# Synergistic potential and apoptosis induction of Bunium persicum essential oil and its pure components, cuminaldehyde and γ-terpinene, in combination with fluconazole on Candida albicans isolates: in vitro and in silico evaluation

**Authors:** Mahsa Asgar, Mehdi Bamorovat, Seyyed Amin Ayatollahi Mosavi, Fatemeh Sharifi, Ehsan Salarkia, Ali Karamoozian, Sanaz Hadizadeh, Setareh Agha Kuchak Afshari

PMC · DOI: 10.22034/cmm.2025.345248.1636 · Current Medical Mycology · 2025-08-10

## TL;DR

This study shows that combining Bunium persicum essential oil and its components with fluconazole can enhance antifungal effects and induce cell death in Candida albicans.

## Contribution

The study demonstrates the synergistic and apoptotic potential of natural compounds with fluconazole against resistant Candida isolates.

## Key findings

- Cuminaldehyde showed the lowest minimum inhibitory and fungicidal concentrations compared to other agents.
- Fluconazole combined with cuminaldehyde had the highest synergistic effect (63.6%) against Candida isolates.
- Molecular docking confirmed that cuminaldehyde and γ-terpinene interact with lanosterol 14-alpha-demethylase.

## Abstract

Fluconazole resistance in Candida species is on the rise, posing a significant clinical challenge. There is a growing interest in using complementary therapies, especially those
 from natural sources. This study aimed to evaluate the synergistic and apoptotic effects of Bunium persicum essential oil (BPEO) and its two pure components,
cuminaldehyde (CA) and γ-terpinene (γ-TPN), combined with fluconazole (FLC) on susceptible and resistant C. albicans isolates. Moreover, molecular docking was used to study the interactions between lanosterol 14-alpha-demethylase and each agent.

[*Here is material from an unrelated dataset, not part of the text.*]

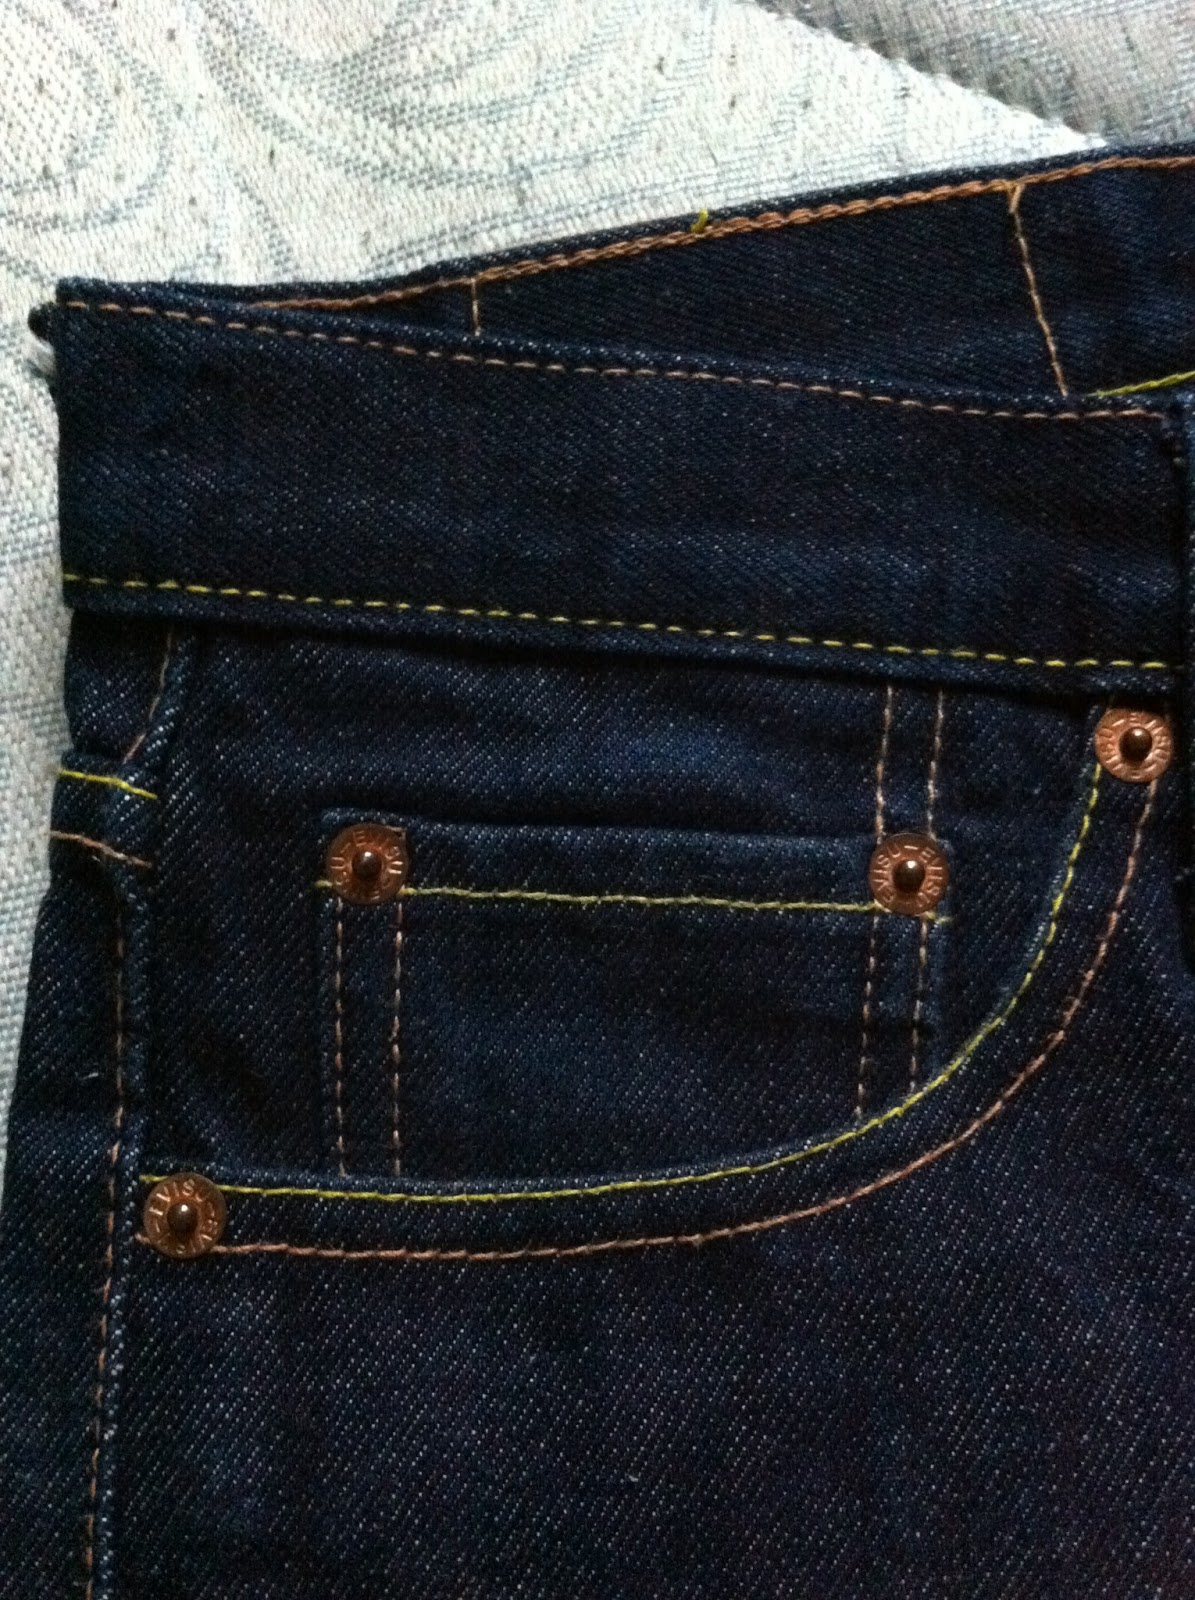 Azim Wigan(UK) Bundle..: RARE EVISU JEANS - SIZE 30 - seluar jeans ...

The BPEO was prepared using the Clevenger apparatus and the hydro-distillation method. The in vitro antifungal activity was evaluated according to the Clinical and
Laboratory Standards Institute guideline (M60). The checkerboard and isobologram assays assessed the interaction between BPEO, CA, γ-TPN, and FLC.
The necrotic and apoptotic effects of different agents were analyzed using a flow cytometry assay. An in-silico study was performed to examine the receptor-ligand interaction.

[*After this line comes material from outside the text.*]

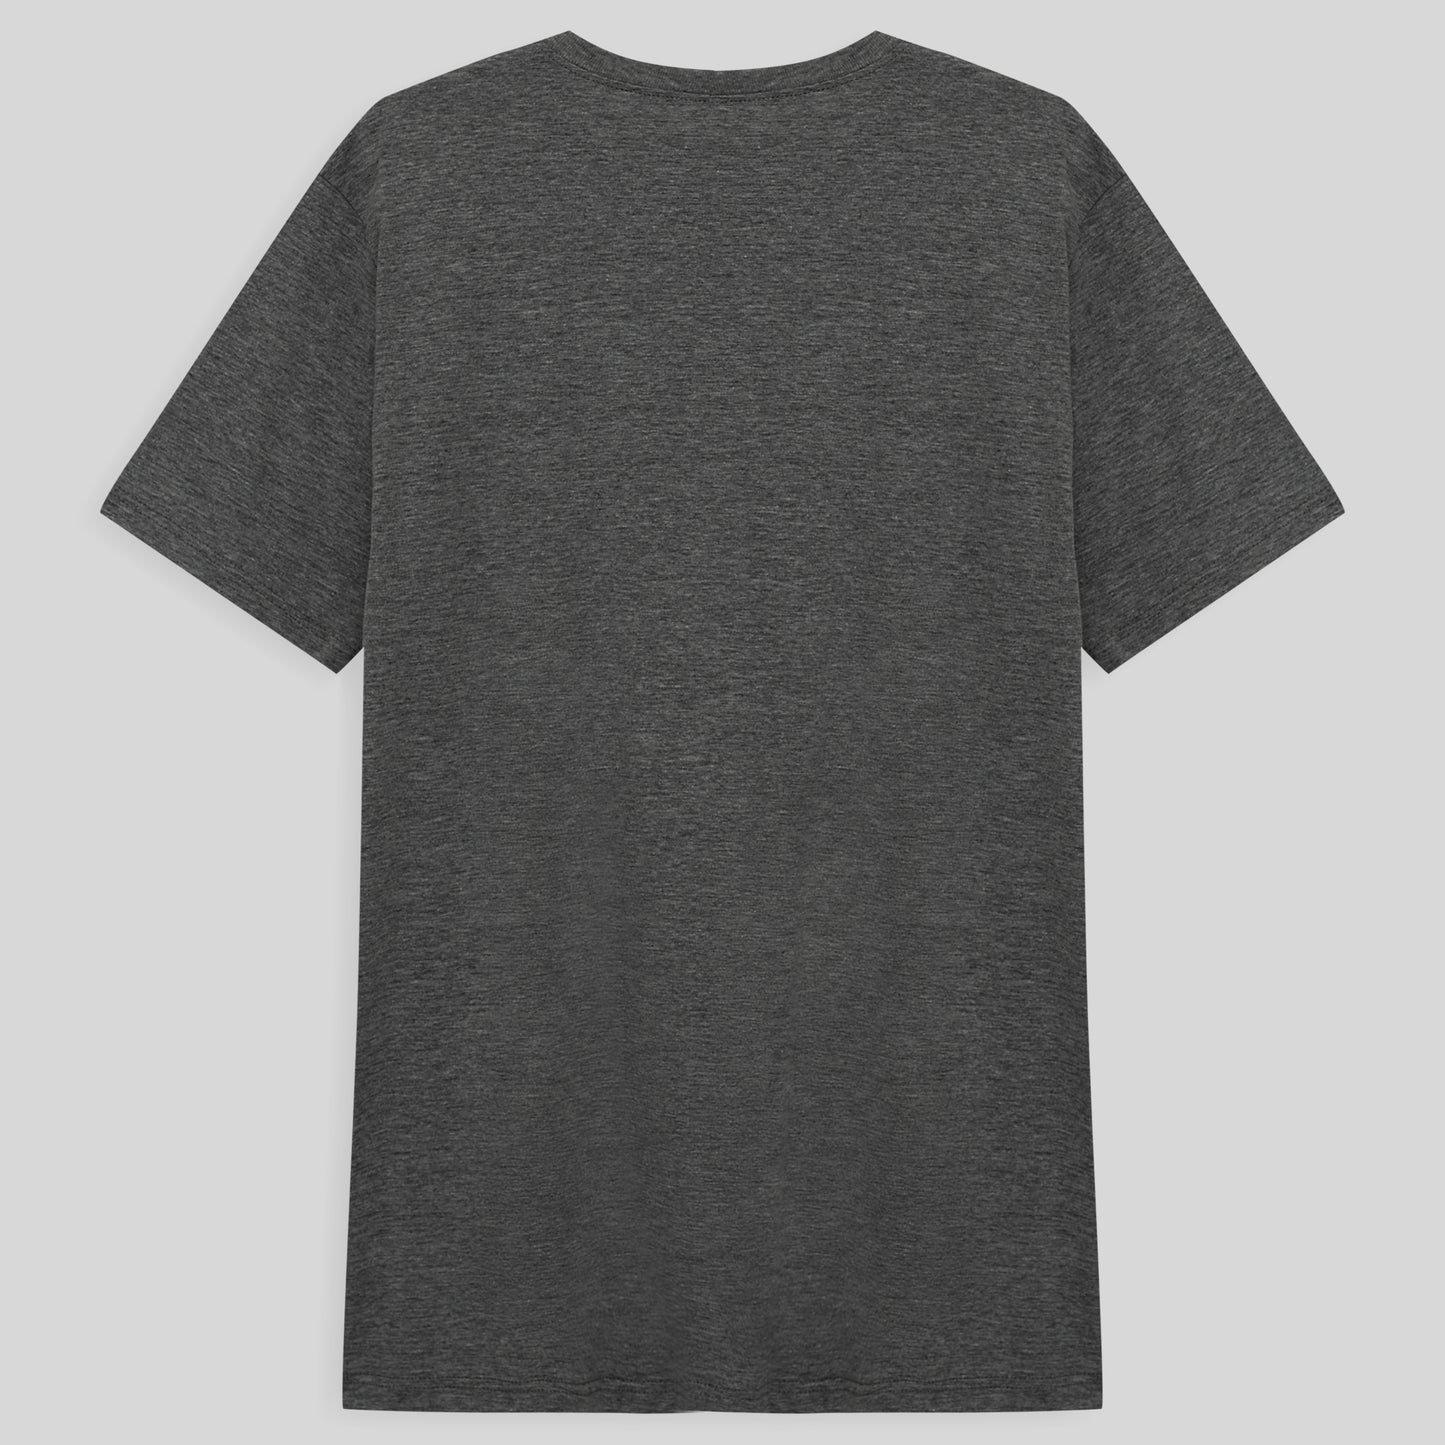 Camiseta Básica Masculina - Mescla Escuro

The CA showed the lowest minimum inhibitory concentrations and minimum fungicidal concentrations, compared to BPEO and γ-TPN. Statistical analyses indicated significant differences between
resistant and sensitive C. albicans isolates regarding minimum inhibitory concentration values of BPEO, CA, and γ-TPN. The most synergistic effect was
obtained for FLC combined with CA (n=7, 63.6%), followed by BPEO (n=6, 54.5%), and γ-TPN (n=3, 27.2%). Statistical analyses indicated the synergistic effect of FLC in
combination with CA was more than γ-TPN (p=0.023). Apoptotic indicators confirmed that the tested compounds could cause cell death in yeast cells.
Combination of each natural component with FLC resulted in a greater apoptosis effect than each tested agent alone. The docking study indicated that both pure compounds have
interactivity with the protein residue of 14α-demethylase.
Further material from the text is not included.